Pedanius Dioscorides (Pedánios Dioskourídēs in Greek, c. 40–90 AD), "the father of pharmacognosy", was a Greek physician, pharmacologist, botanist, and author of De materia medica (Perì hylēs íatrikēs) (On Medical Material) —a 5-volume Greek encyclopedia about herbal medicine and related medicinal substances (a pharmacopeia), that was widely read for more than 1,500 years. Dioscorides was regarded as the most prominent writer on plants and plant drugs for almost two millennia. It was translated in various languages including, Arabic, Indian, Spanish, French, English. Dioscorides wrote De Materia Medica in Greek, his native language.

A native of Anazarbus, (today's Turkey), Dioscorides likely studied medicine nearby at the school in Tarsus, which had a pharmacological emphasis, and he dedicated his medical books to Laecanius Arius, a medical practitioner there. Though he writes he lived a "soldier's life" or "soldier-like life", his pharmacopeia refers almost solely to plants found in the Greek-speaking eastern Mediterranean, making it likely that he served in campaigns or traveled in a civilian capacity, less widely as supposed. The name Pedanius is Roman, suggesting that an aristocrat of that name sponsored him to become a Roman citizen.

Pietro Andrea Gregorio Mattioli (1501 – 1577) was a doctor and naturalist born in Siena. He received his MD at the University of Padua in 1523. Vesalius attended medical school at the same time. He subsequently practiced the profession in Siena, Rome, Trento, and Gorizia, becoming a personal physician of Ferdinand II, Archduke of Austria in Prague, and of Maximillian II, Holy Roman Emperor, in Vienna.

De materia medicaBetween 50-70 C.E., Dioscorides wrote the five-volume book in his native Greek, which became the precursor to all modern pharmacopeias.  In contrast to many classical authors, Dioscorides' work, materia medica was in circulation through the early modern period and eclipsed even the Hippocratic corpus. It was circulated in Greek, Latin, and Arabic translations.

Several illustrated manuscripts of De materia medica survive. The most famous are the lavishly illustrated Vienna Dioscurides produced in Constantinople in 512/513 AD. Densely illustrated Arabic copies survive from the 12th and 13th centuries, while Greek manuscripts survive today in the monasteries of Mount Althos.

De materia medica is the prime historical source of information about the medicines used by the Greeks, Romans, and other cultures of antiquity. The work also records some plants' Dacian, Thracian, Roman, ancient Egyptian, and Carthaginian names of about 600 plants. It formed the core of the European pharmacopeia through the 19th century. Of the variety of herbal remedies for dental ailments Dioscorides recommends olives in various forms, including an olive oil extract boiled and smeared on unhealthy teeth to extract them, the olive oil as a mouth rinse for badly afflicted gums, and the green sprigs of the olive tree to cleanse the teeth rather than reed twigs.
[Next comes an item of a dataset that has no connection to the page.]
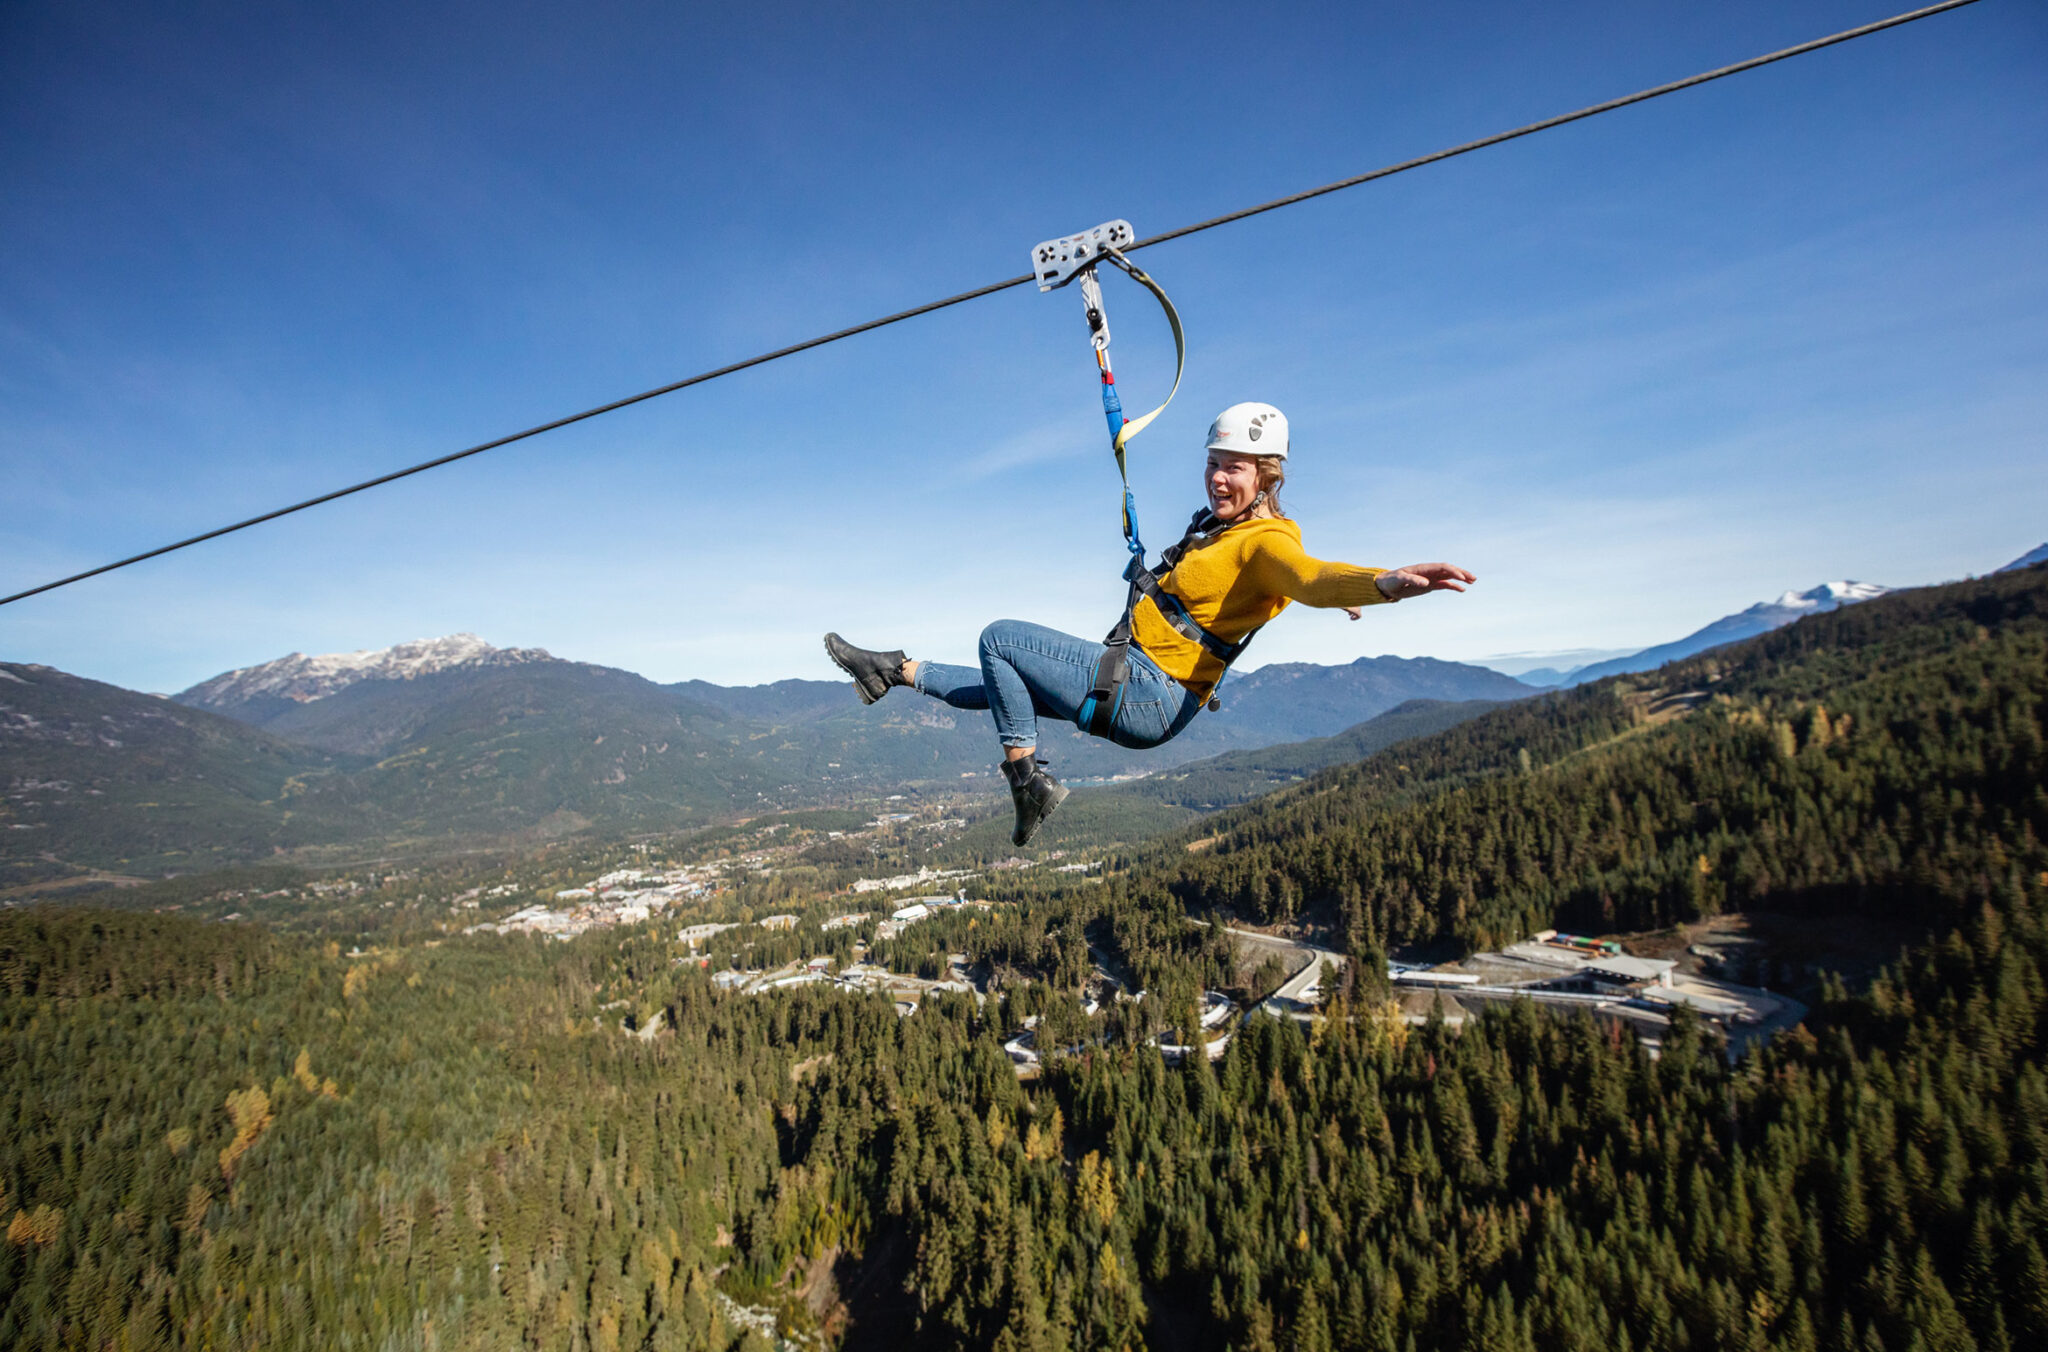 A person ziplines across the valley in between Whistler and Blackcomb mountains, the longest zipline in NA. Arms out, big smile, summer sun, it looks thrilling.

Pietro Andrea Gregorio Mattioli's translation and commentaries of the De Materia Medica of Dioscorides include 100 new plants. The first Italian translation of De Materia Medica appeared in 1544 in Venice. Ten years later, the first Latin version of Commentarii was published, with the French version in 1561 in Lyon. Our copy is the second edition (1566). The woodcuts in Mattioli's work were of a high standard, allowing recognition of the plant even when the text was obscure. The volume includes hand-colored illustrations of 600 plants. A noteworthy inclusion is an early variety of tomato, the first documented example of the vegetable being grown and eaten in Europe.